# Task brief:
Print exactly the lines that run from the opening line of the material through the line with "Courier membership Khandela", and nothing else, leaving out pictures.

*** Opening Data section ***

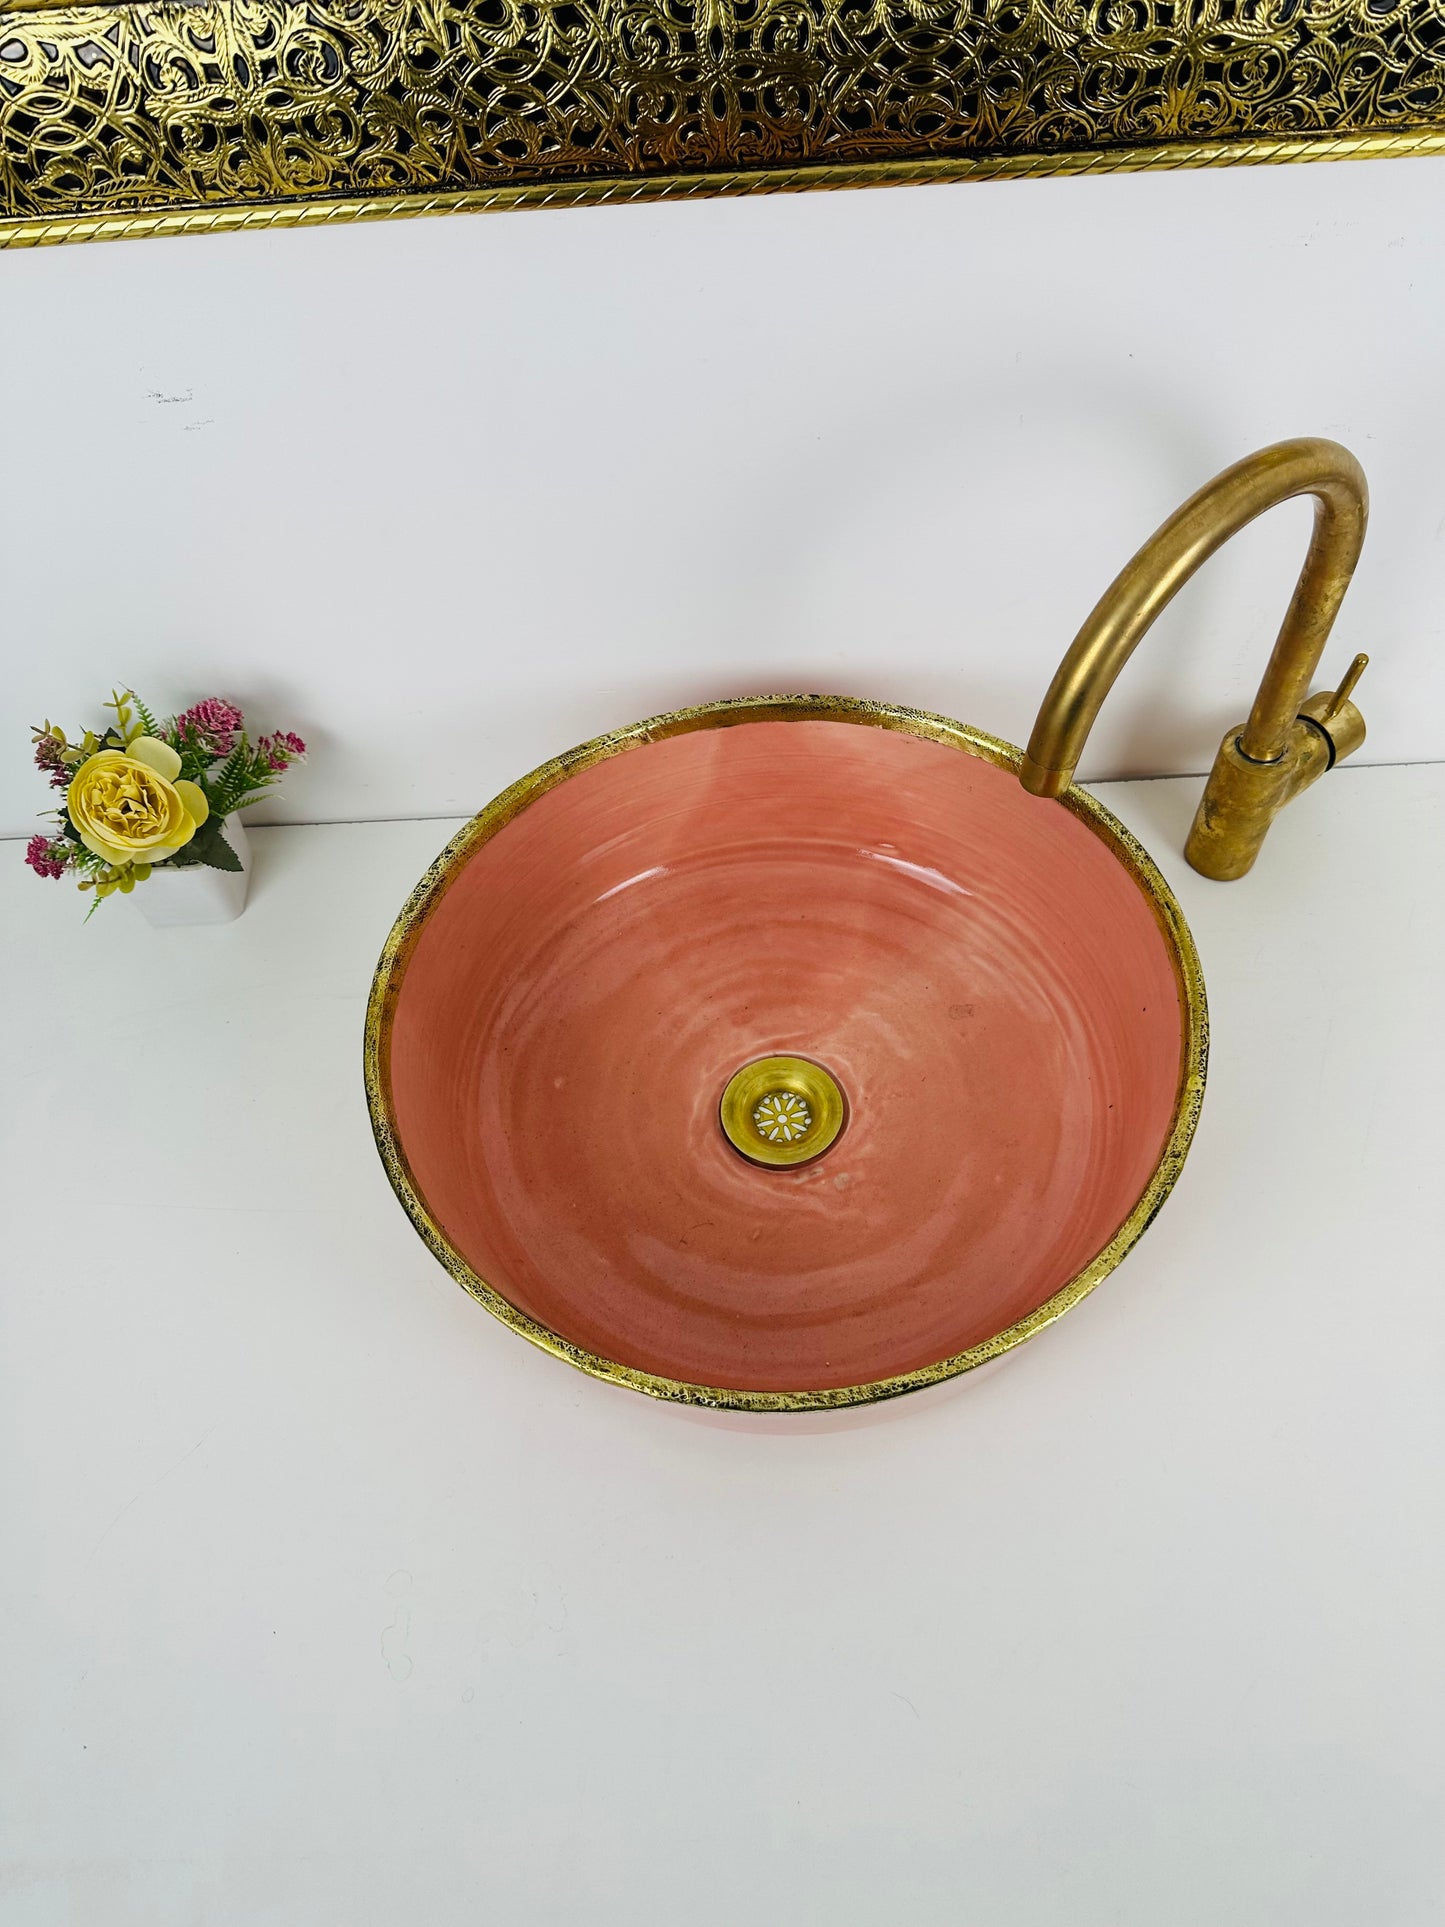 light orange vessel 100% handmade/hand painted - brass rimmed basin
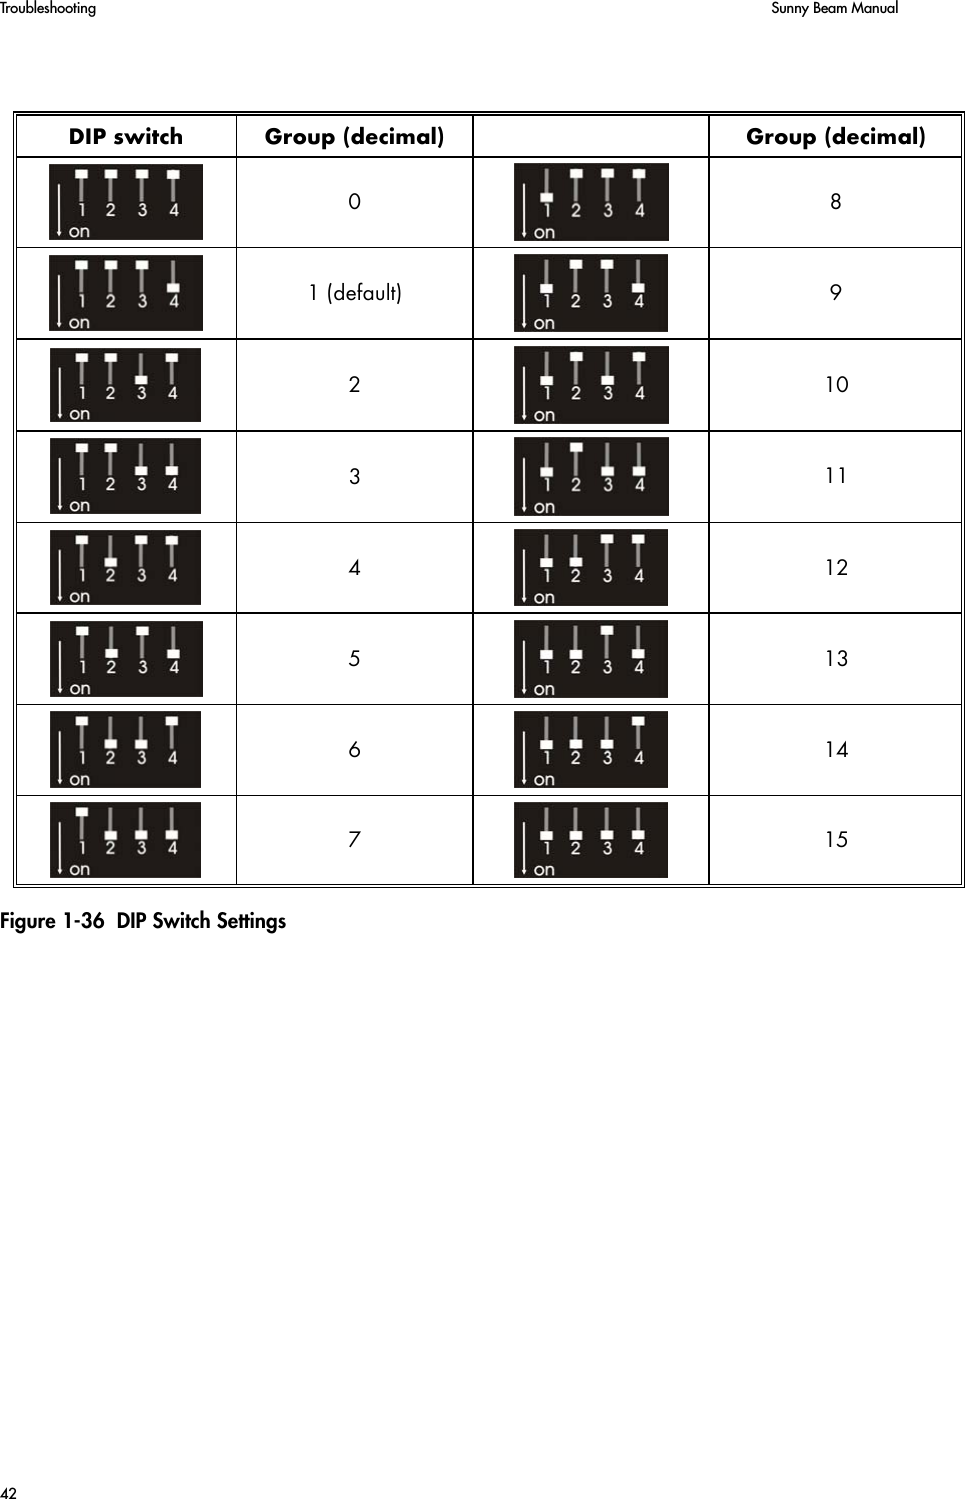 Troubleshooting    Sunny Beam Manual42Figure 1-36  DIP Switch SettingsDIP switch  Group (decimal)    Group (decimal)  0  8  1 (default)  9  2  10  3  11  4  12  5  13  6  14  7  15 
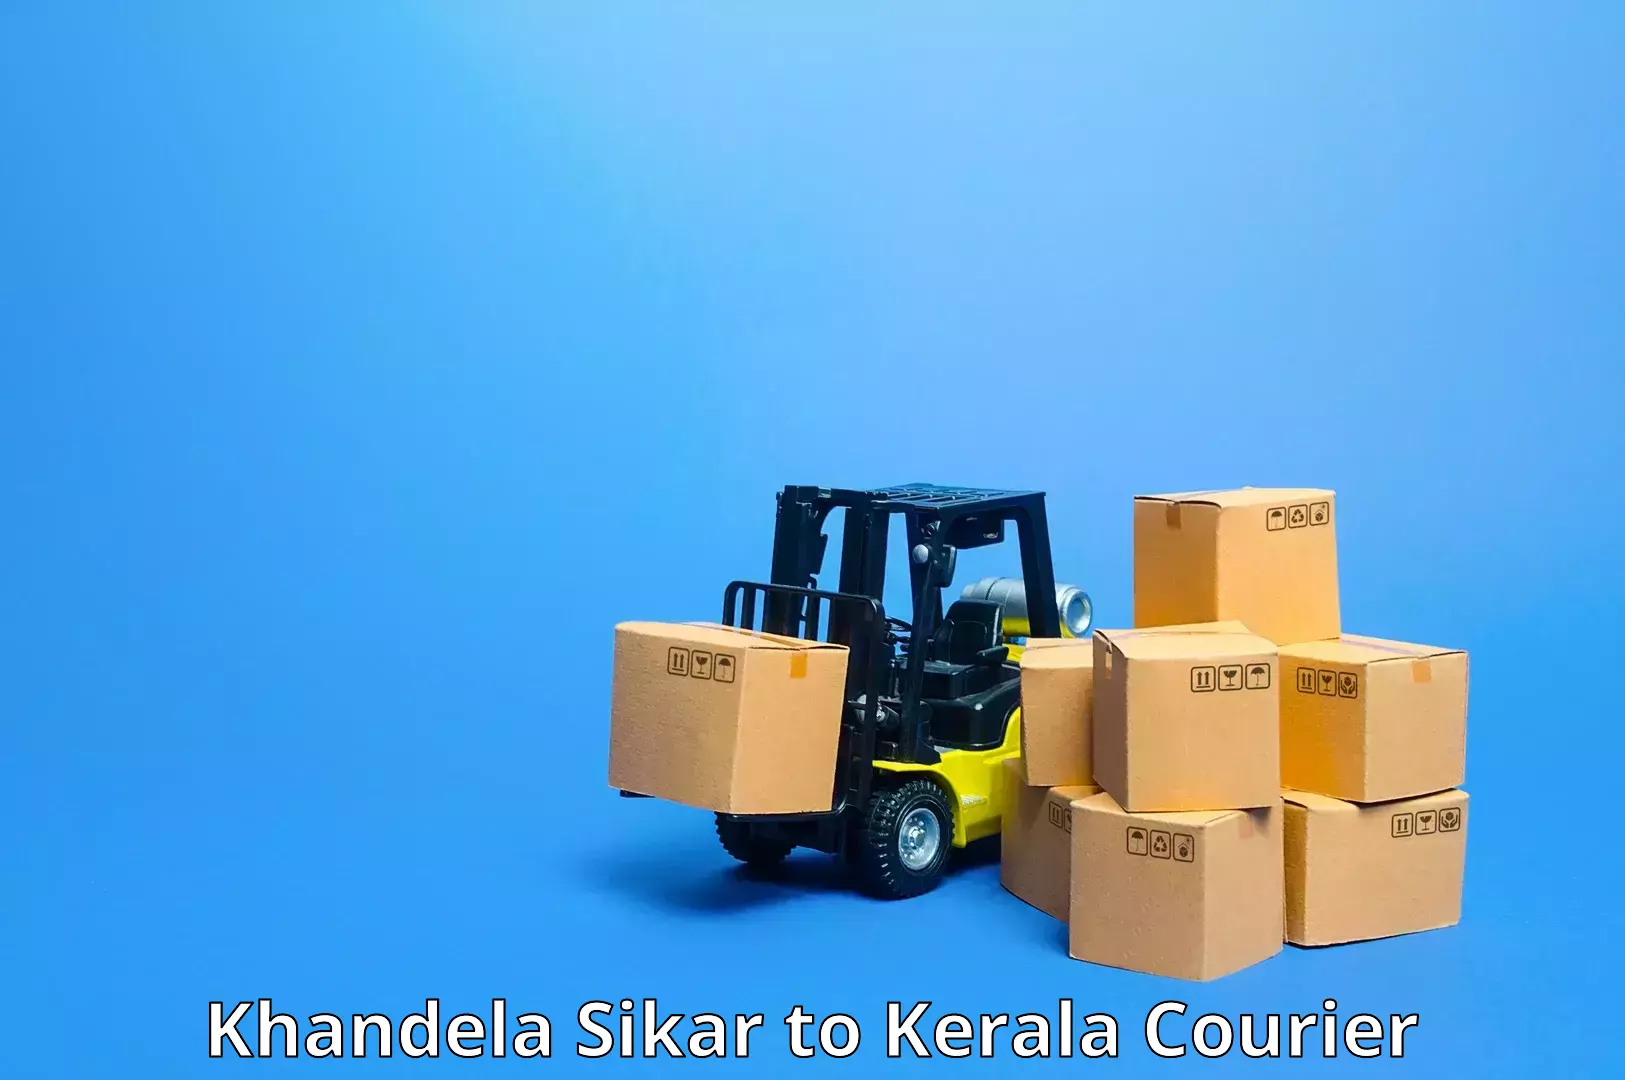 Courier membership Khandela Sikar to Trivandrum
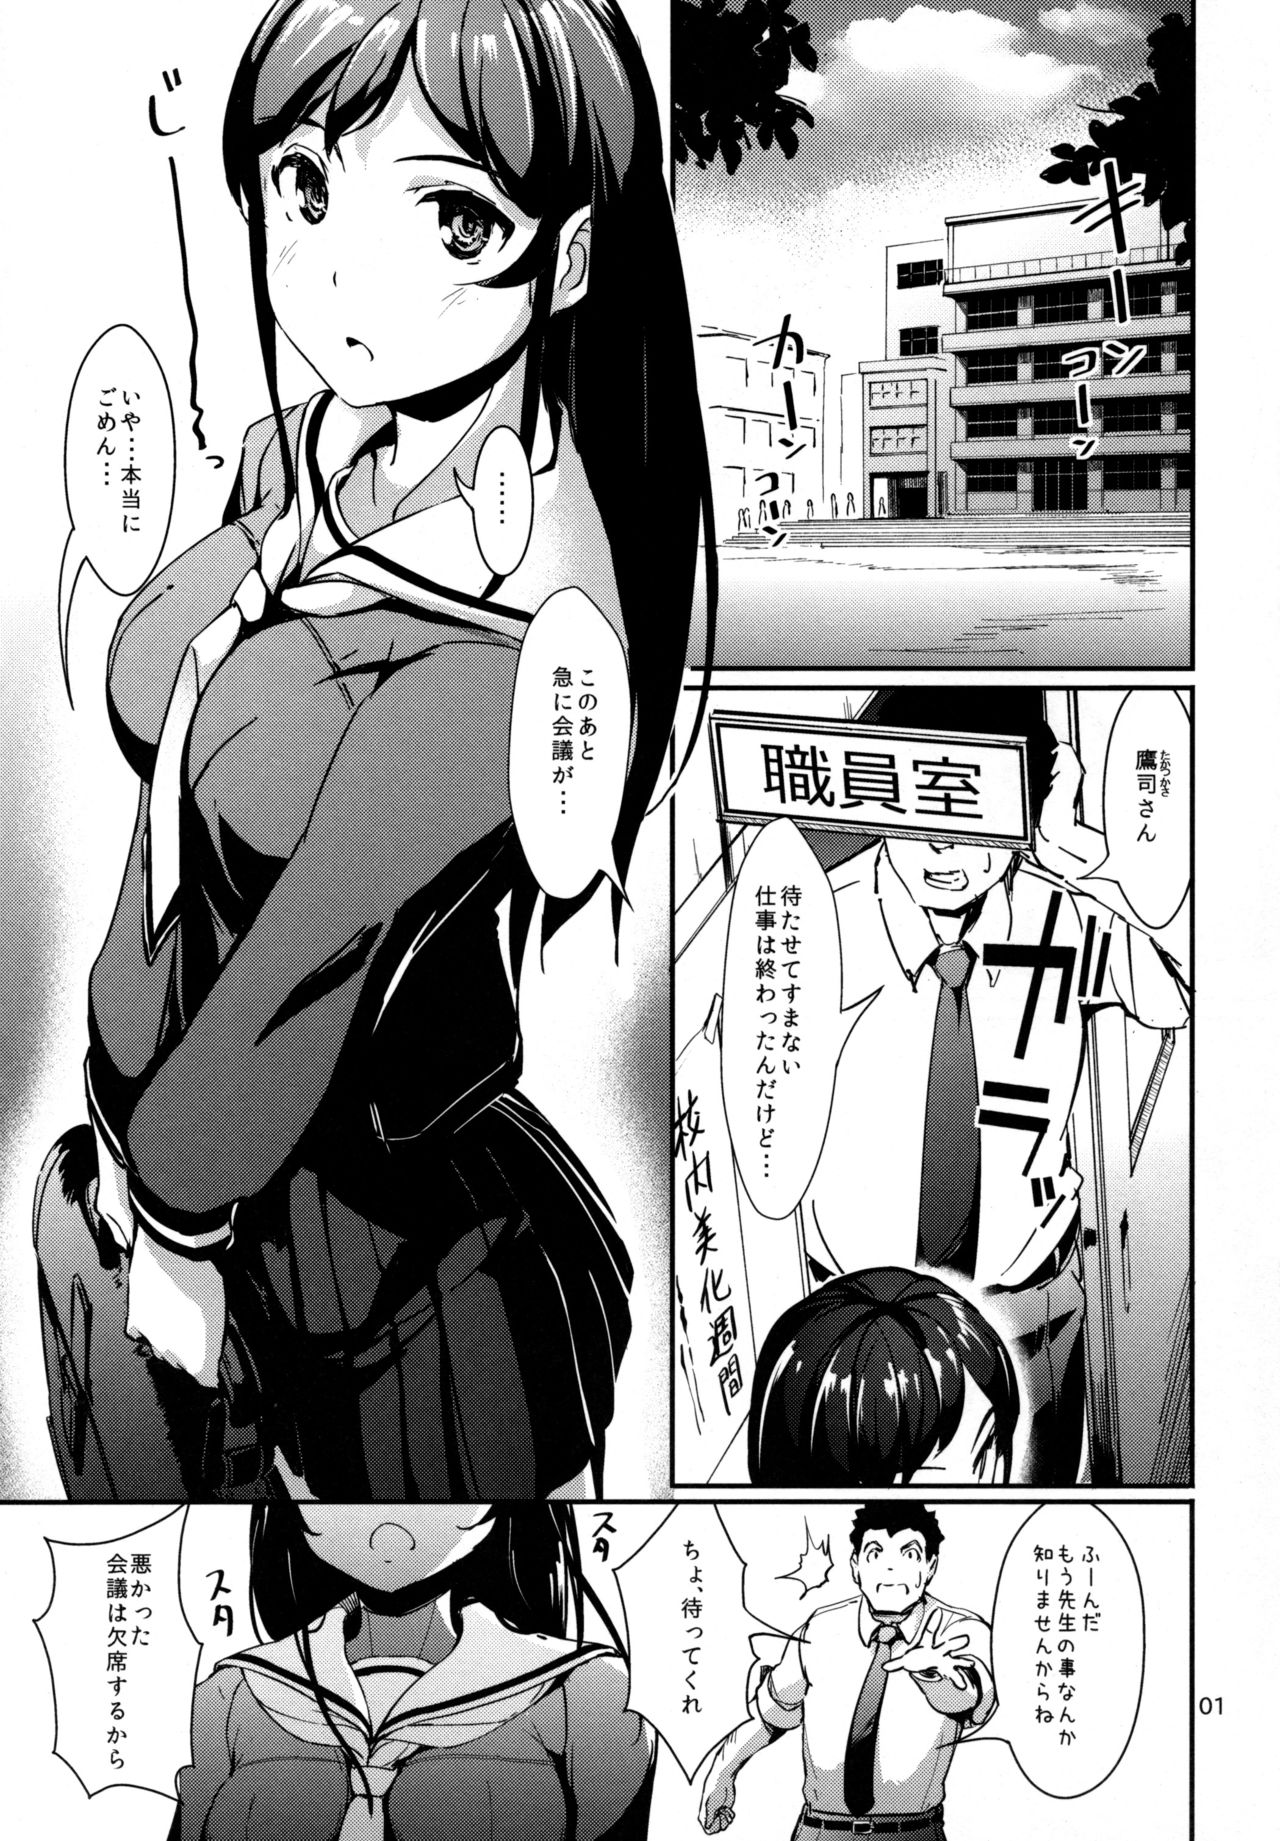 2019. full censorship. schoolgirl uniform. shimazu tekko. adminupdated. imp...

*** Closing Data section ***

# Solution below:
 light orange vessel 100% handmade/hand painted - brass rimmed basin
 Troubleshooting    Sunny Beam Manual42Figure 1-36  DIP Switch SettingsDIP switch  Group (decimal)    Group (decimal)  0  8  1 (default)  9  2  10  3  11  4  12  5  13  6  14  7  15 
 Courier membership Khandela Sikar to Trivandrum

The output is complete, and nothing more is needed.